Line by line, restate the material word for word, omitting any image.

RECORDED INFORMATION:

-*-

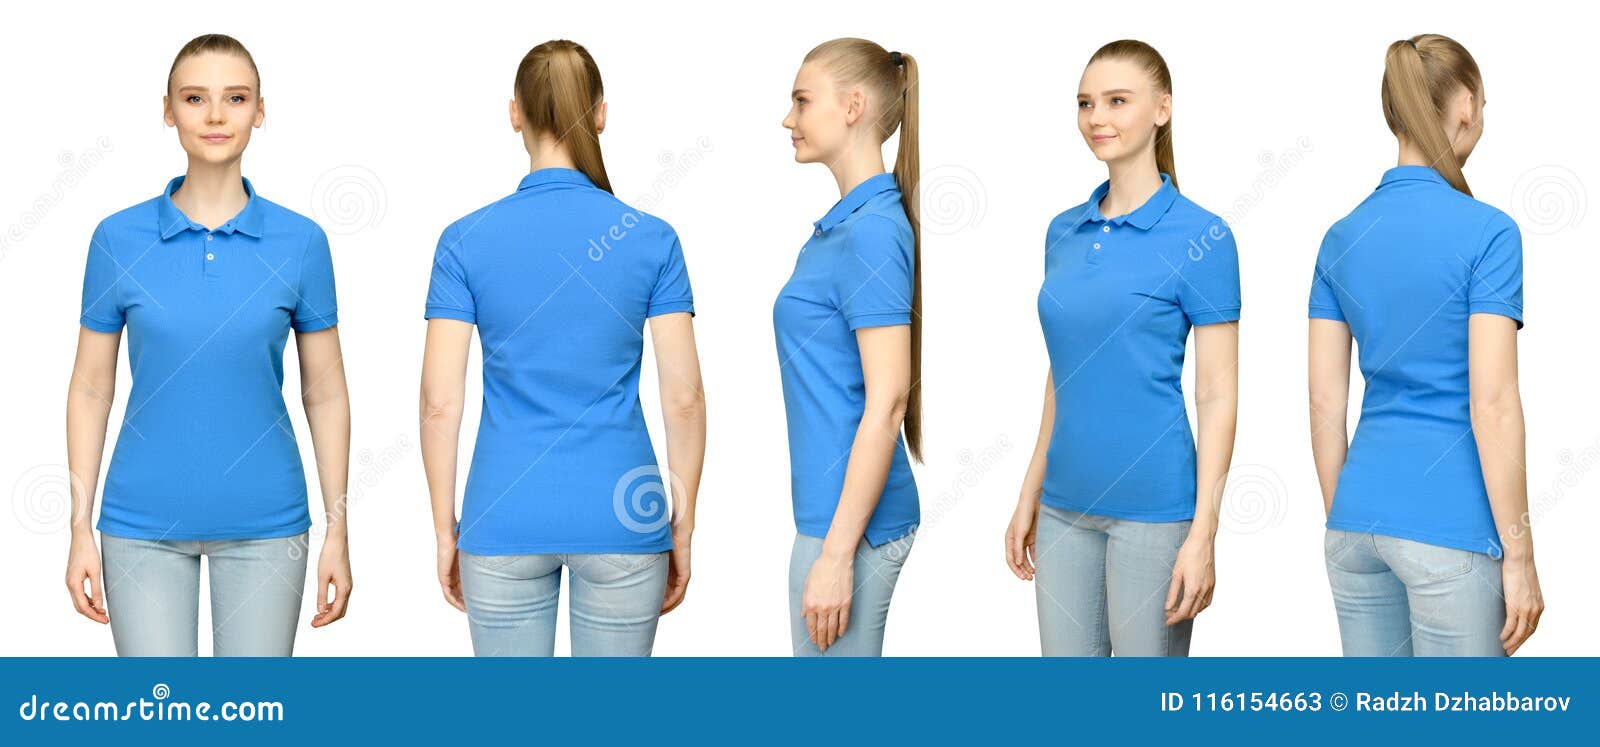 Girl In Blank Blue Polo Shirt Mockup Design For Print And ...
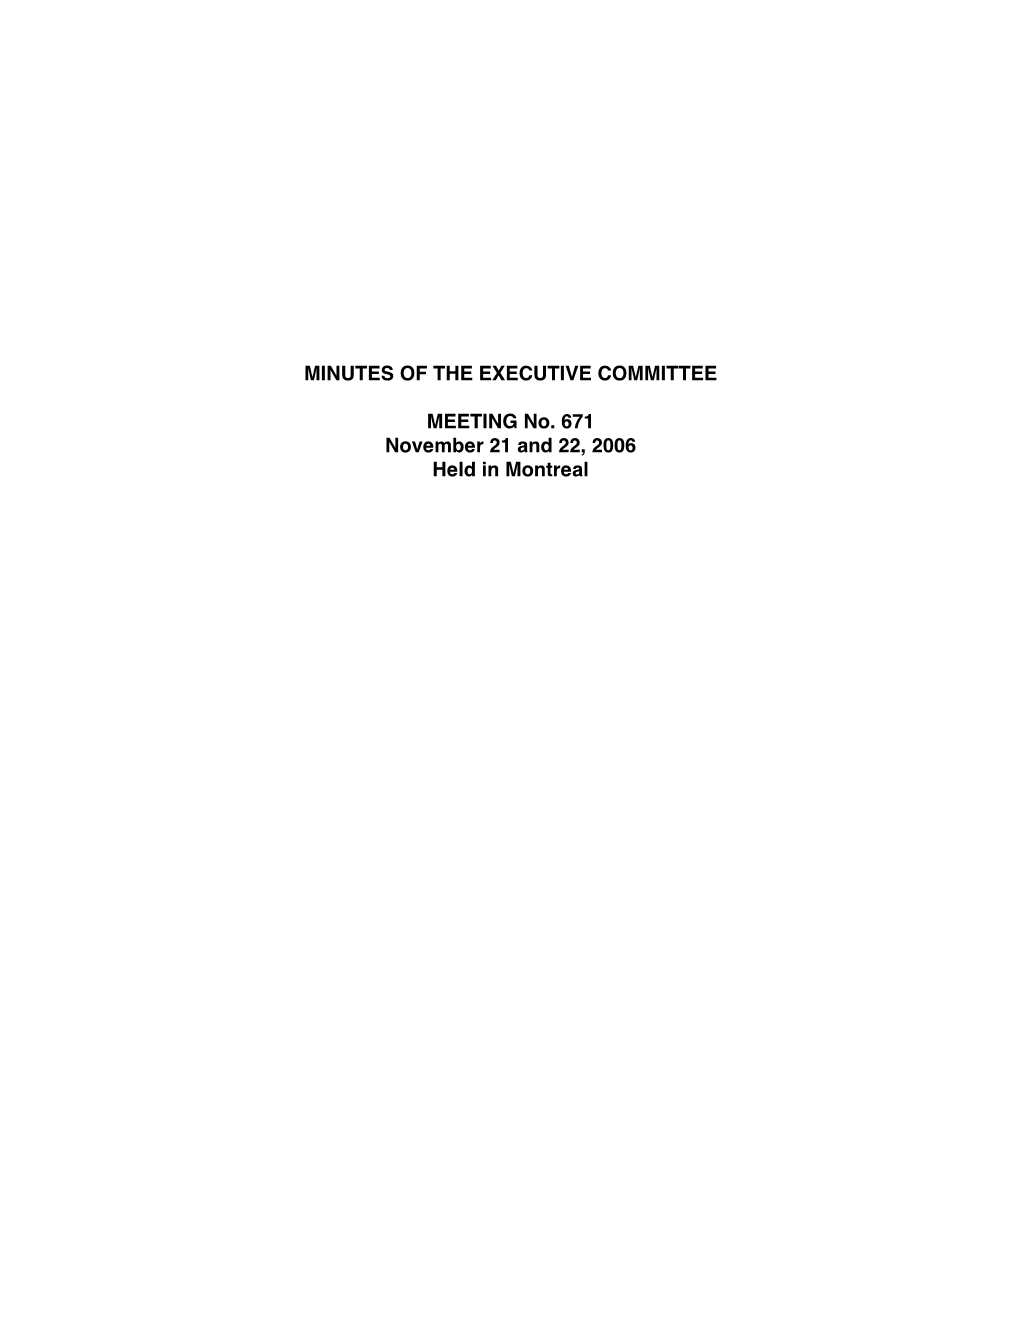 MINUTES of the EXECUTIVE COMMITTEE MEETING No. 671
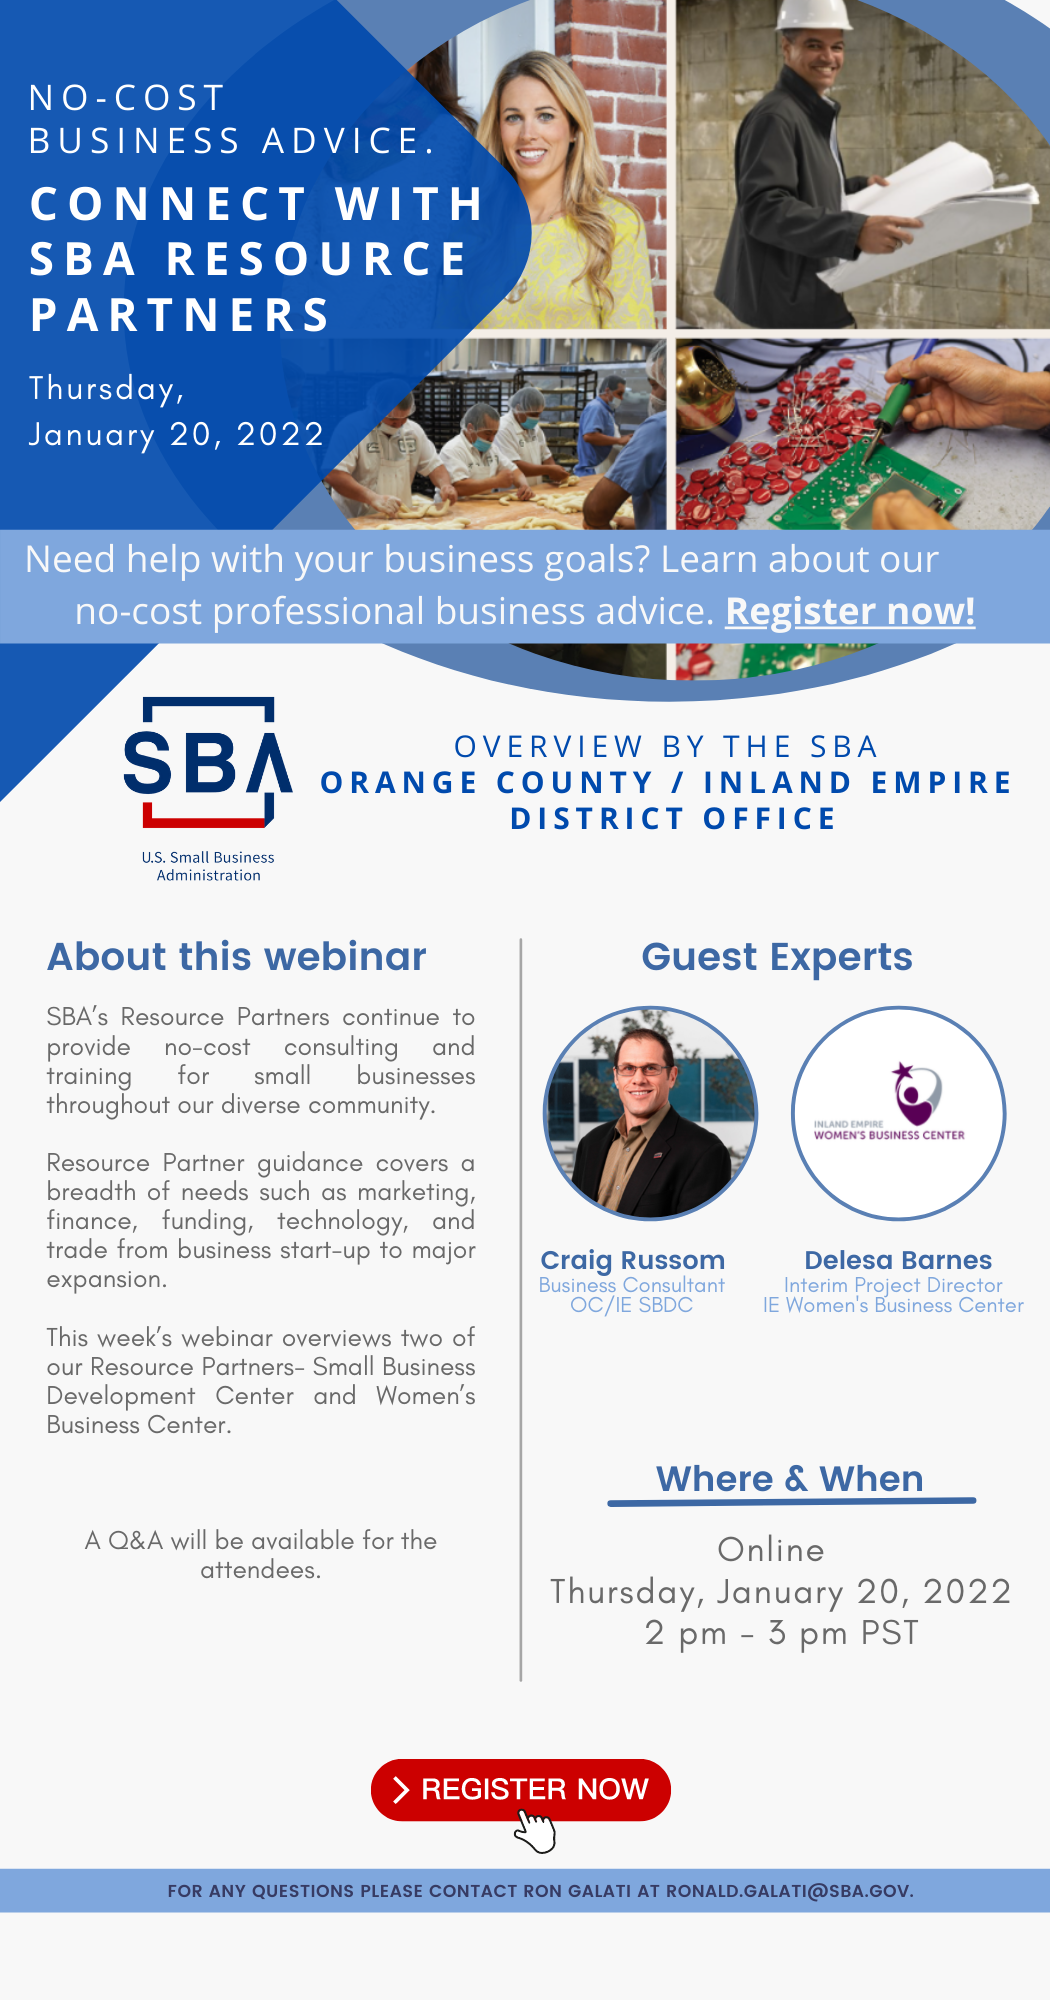 No-cost business advice. Connect with SBA Resource Partners. Register now! Thursday, January 20, 2022 2 pm - 3 pm PST  S

-*-

ANSWER TO THIS PROBLEM:
 Girl In Blank Blue Polo Shirt Mockup Design For Print And ...
 MINUTES of the EXECUTIVE COMMITTEE MEETING No. 671
 No-cost business advice. Connect with SBA Resource Partners. Register now! Thursday, January 20, 2022 2 pm - 3 pm PST  S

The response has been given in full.